The Tier 6 pension loophole for cops, firefighters

by E.J. McMahon |  | NY Torch

The Tier 6 pension “reform” enacted by New York last year applies to all state and local employees who join the state Employee Retirement System or the Police and Fire Retirement System after April 1, 2012. However, the law included a big loophole for police and firefighters, in particular—as is only now becoming publicly apparent, thanks to a detail of the proposed contract extension for Nassau County cops.

The loophole in question is Section 80 of the Tier 6 law (Chapter 18 of the Laws of 2012), which reads as follows:

Notwithstanding any provision of law to the contrary, nothing in this act shall limit the rights accruing to employees pursuant to a collective bargaining agreement for the unexpired term of such agreement or the eligibility of any member of an employee organization to join a special retirement plan open to him or her pursuant to a collectively negotiated agreement with any state or local government employer, where such agreement is in effect on the effective date of this act [April 1, 2012] and so long as such agreement remains in effect thereafter …

A similar provision with the same intent was included in the Tier 5 pension law, which was the product of a December 2009 agreement between then-Governor David Paterson and the Legislature.

On the face of it, both provisions conflict with Section 201.4 of Article 14 of the state Civil Service Law (better known as the Taylor Law), which says that negotiable terms and conditions of employment “shall not include any benefits provided by or to be provided by a public retirement system, or payments to a fund or insurer to provide an income for retirees, or payment to retirees or their beneficiaries.”  The Taylor Law provision concludes: “No such retirement benefits shall be negotiated pursuant to this article, and any benefits so negotiated shall be void.” [emphasis added]

It would hard to find language more explicit than that. Pension benefits cannot be enforceablymandated as part of a union contract negotiation.  Is that clear?

Yet, for decades since the enactment of that section, the state and many of its local governments have continued to negotiate police and fire contracts that specifically identify non-contributory pensions among the benefits available to union members, almost entirely in the case of police and firefighters. The Tier 5 and 6 loopholes presumably arose out of fear that the conflict between Taylor Law and contract provisions might give rise to litigation by unions, despite the clear meaning of Section 201.4.

Earlier this year, in cases involving firefighter unions in Yonkers and Oswego, Court of Appealsruled that once contracts expire, non-contributory pension “rights” expire with them, notwithstanding the Tier 5 provision and the Taylor Law’s Triborough Amendment. But the current contract between Nassau County and its Police Benevolent Association extends through 2015; with the county reportedly planning to hire up to 500 new officers before then, the net present value of the added expense of giving them non-contributory pensions during their working lives could easily run into tens of millions of dollars.

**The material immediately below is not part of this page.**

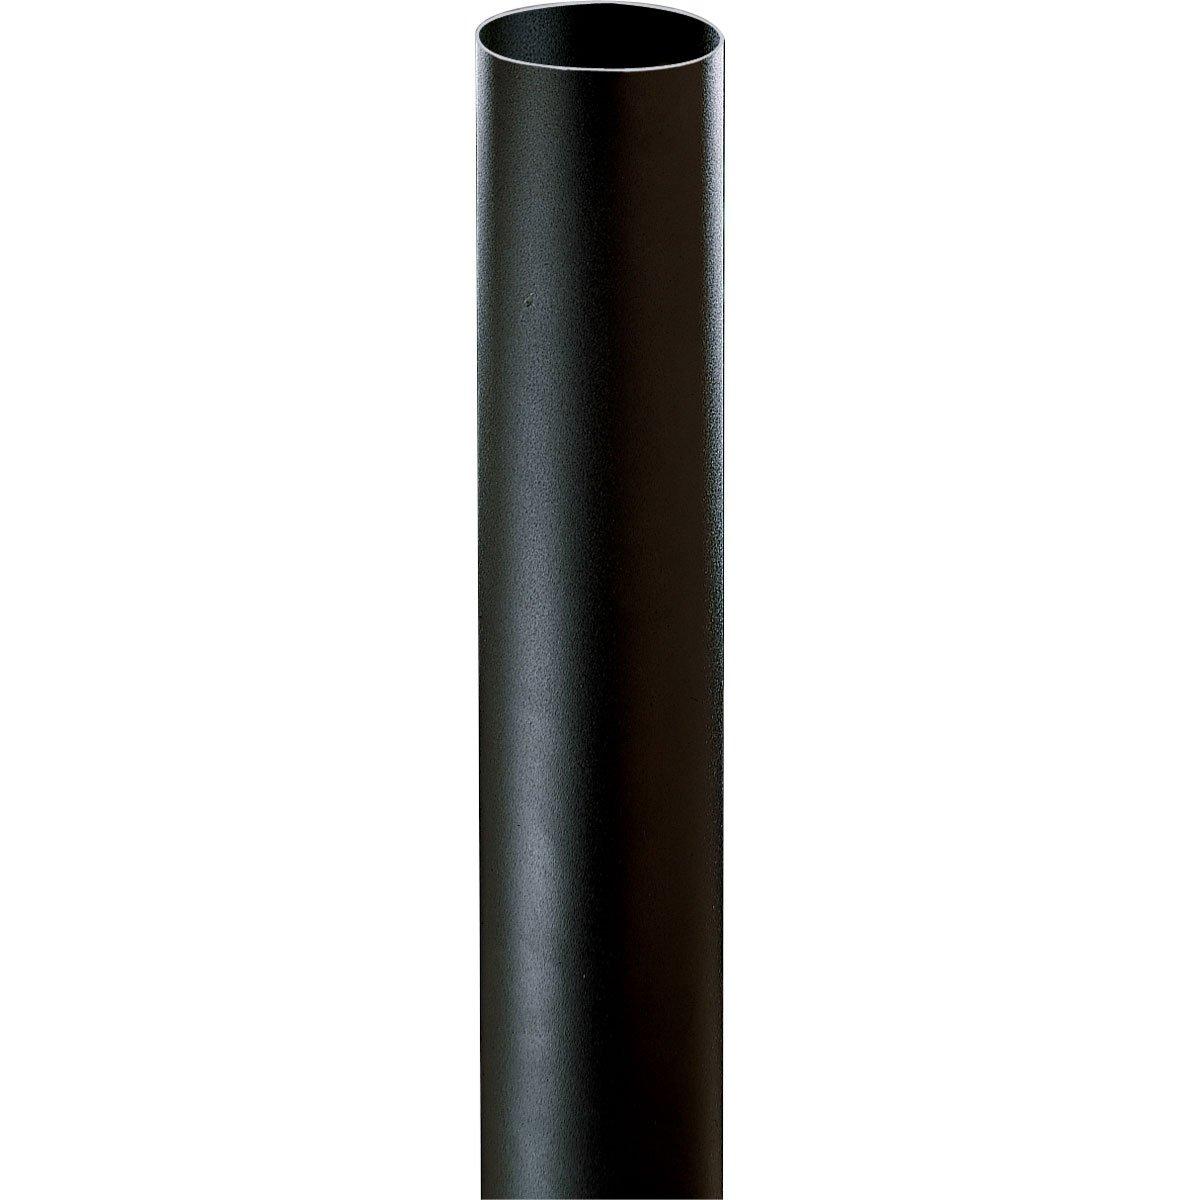 Progress Lighting P5313-31 Black Bollard Shown with P5205-31 Light (Order Separately), Black

Of course, the way for the county to avoid this cost would be to minimize hiring before the contract expires.  Another would be to simply deny non-contributory benefits to new hires the both the contract and the Tier 6 law conflict with Section 201.4 of the Taylor Law–although that would be a legal long-shot with up front costs.

The county has chosen a third way: as part of the trade-off for salary hikes for current cops, the PBA agreed to include this clause in their proposed agreement:

The PBA acknowledges that bargaining unit members hired after the full effective date of this Agreement shall be enrolled in Tier VI Contributory Plan of the New York State Police and Fire Retirement System.

By itself, this certainly doesn’t make the Nassau deal a good one in financial terms; that would only be true if the net present value of the concessions fully offsets the added cost of unfreezing salaries both the short and long terms, which the county has not demonstrated.

Nassau aside, the same Tier 6 pension loophole will affect the state itself as well as any local government that had a non-contributory pension provision in a contract that was in effect in April 2012 and is still in effect now.

PS – Speaking of Nassau County, Governor Cuomo has suddenly appointed a new chairman to the Nassau Interim Finance Authority (NIFA). Under holdover Chairman Ronald Stack, whose term expired at the end of last year, NIFA has reacted very skeptically to the PBA deal. Both the timing and the governor’s choice of new chairman –North Hempstead town Supervisor Jon Kaiman, a lawyer and politician who with no professional background in accounting or finance — seem questionable, to say the least.



- E.J. McMahon is the Research Director at the Empire Center for Public Policy.